Equating the components of $\text{i},\text{j},$ and $\text{k}$ as shown below.

$\begin{array}{l}10,000-2,400\Delta z=-84,534.59\\ -2,400\Delta z=-94,534.59\\ \Delta z=39.389\text{mm}\end{array}$

$\begin{array}{l}-75,000+2,400\Delta x=-215,012.581\\ 2,400\Delta x=-140,0012.581\\ \Delta x=-58.339\text{mm}\end{array}$

Refer to Figure 1.

Calculate the coordinates of $B_0$ as shown below.

Coordinate of along x direction.

$x_{B_0}=x_Q+\Delta x$

Substitute $240\text{mm}$ for $x_Q$ and $-58.339\text{mm}$ for $\Delta x$.
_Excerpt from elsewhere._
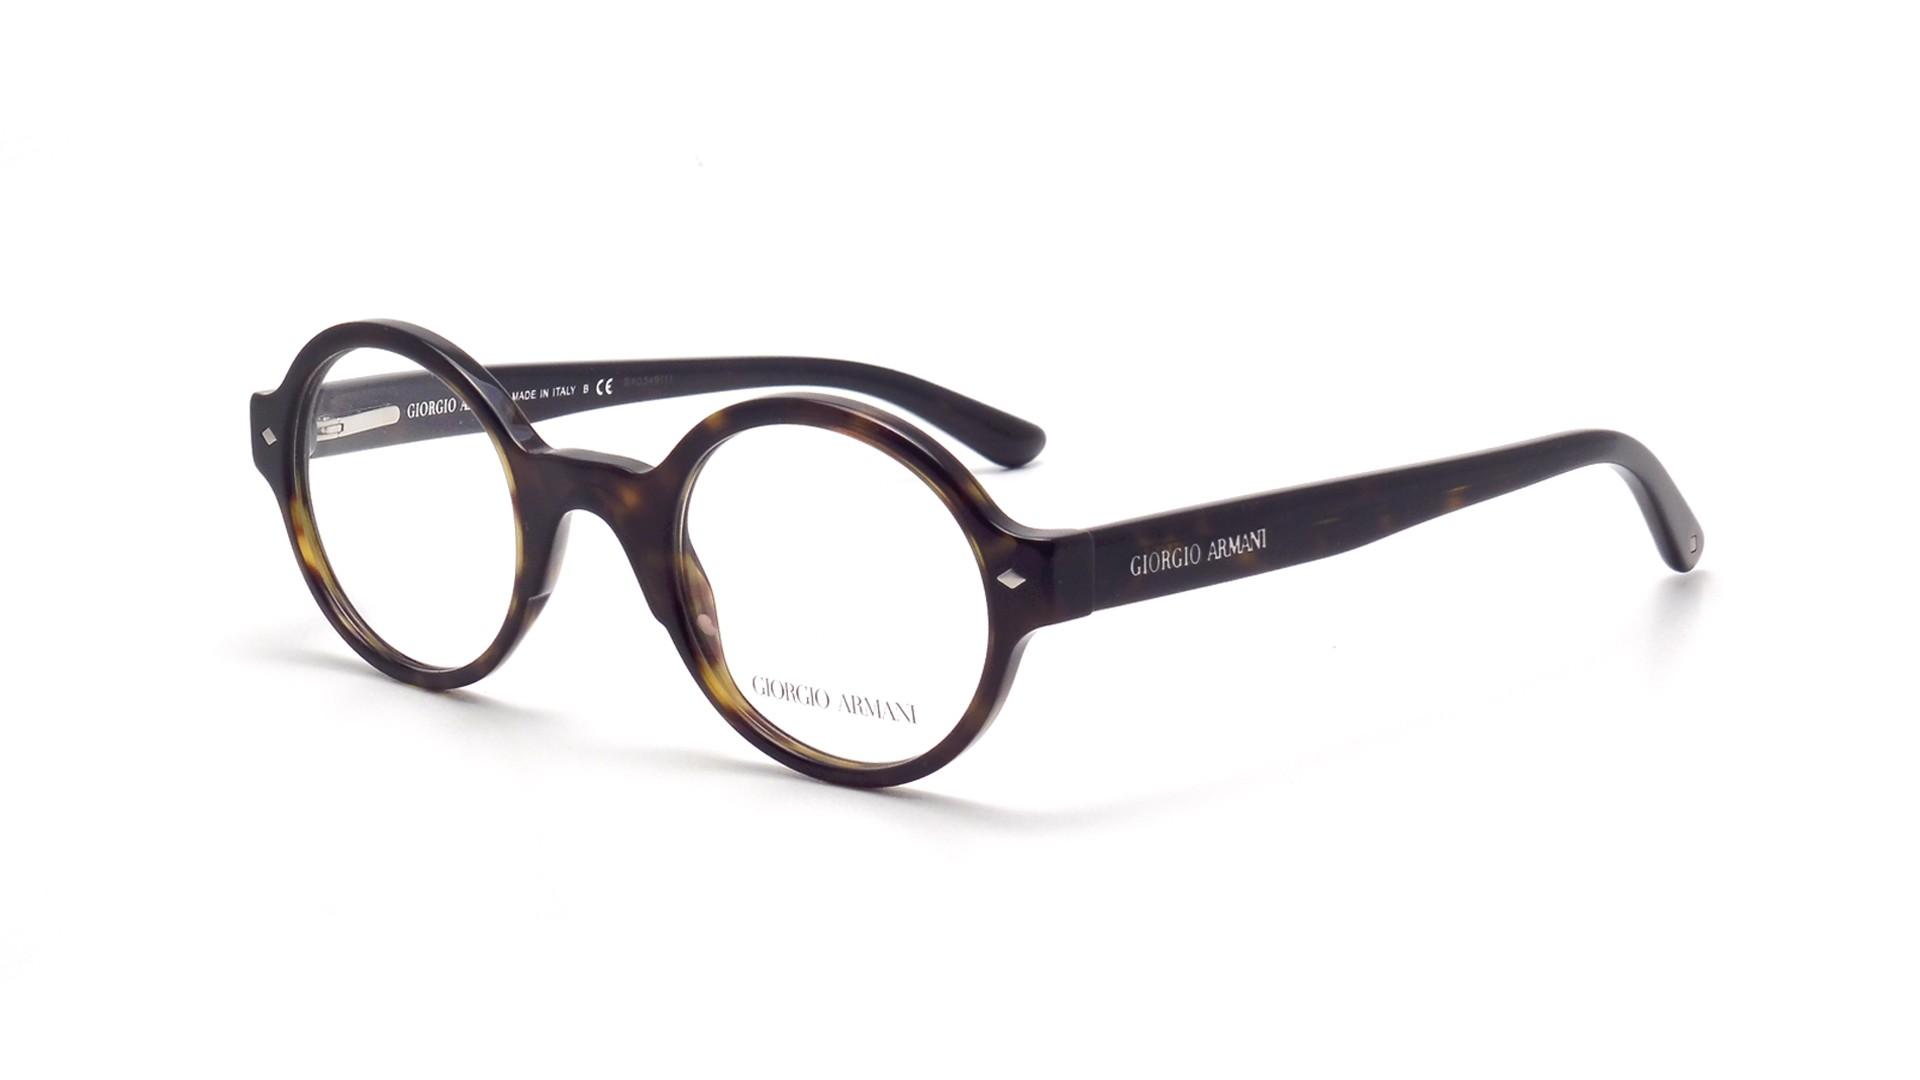 Giorgio Armani Eyeglass Frame Repair

$\begin{array}{c}{x}_{B_0}=240-58.339\\ =181.66\text{mm}\\ \approx 181.7\text{mm}\end{array}$

Coordinate of along y direction.

$y_{B_0}=0$

Coordinate of along z direction.

$z_{B_0}=z_Q+\Delta z$

Substitute $100\text{mm}$ for $x_Q$ and $39.389\text{mm}$ for $\Delta x$.

$\begin{array}{c}{z}_{B_0}=100+39.389\\ =139.389\text{mm}\\ \approx 139.4\text{mm}\end{array}$

Therefore, the coordinates of point $B_0$ is $\underset{\_}{\left(181.7\text{mm},0\text{mm},139.4\text{mm}\right)}$.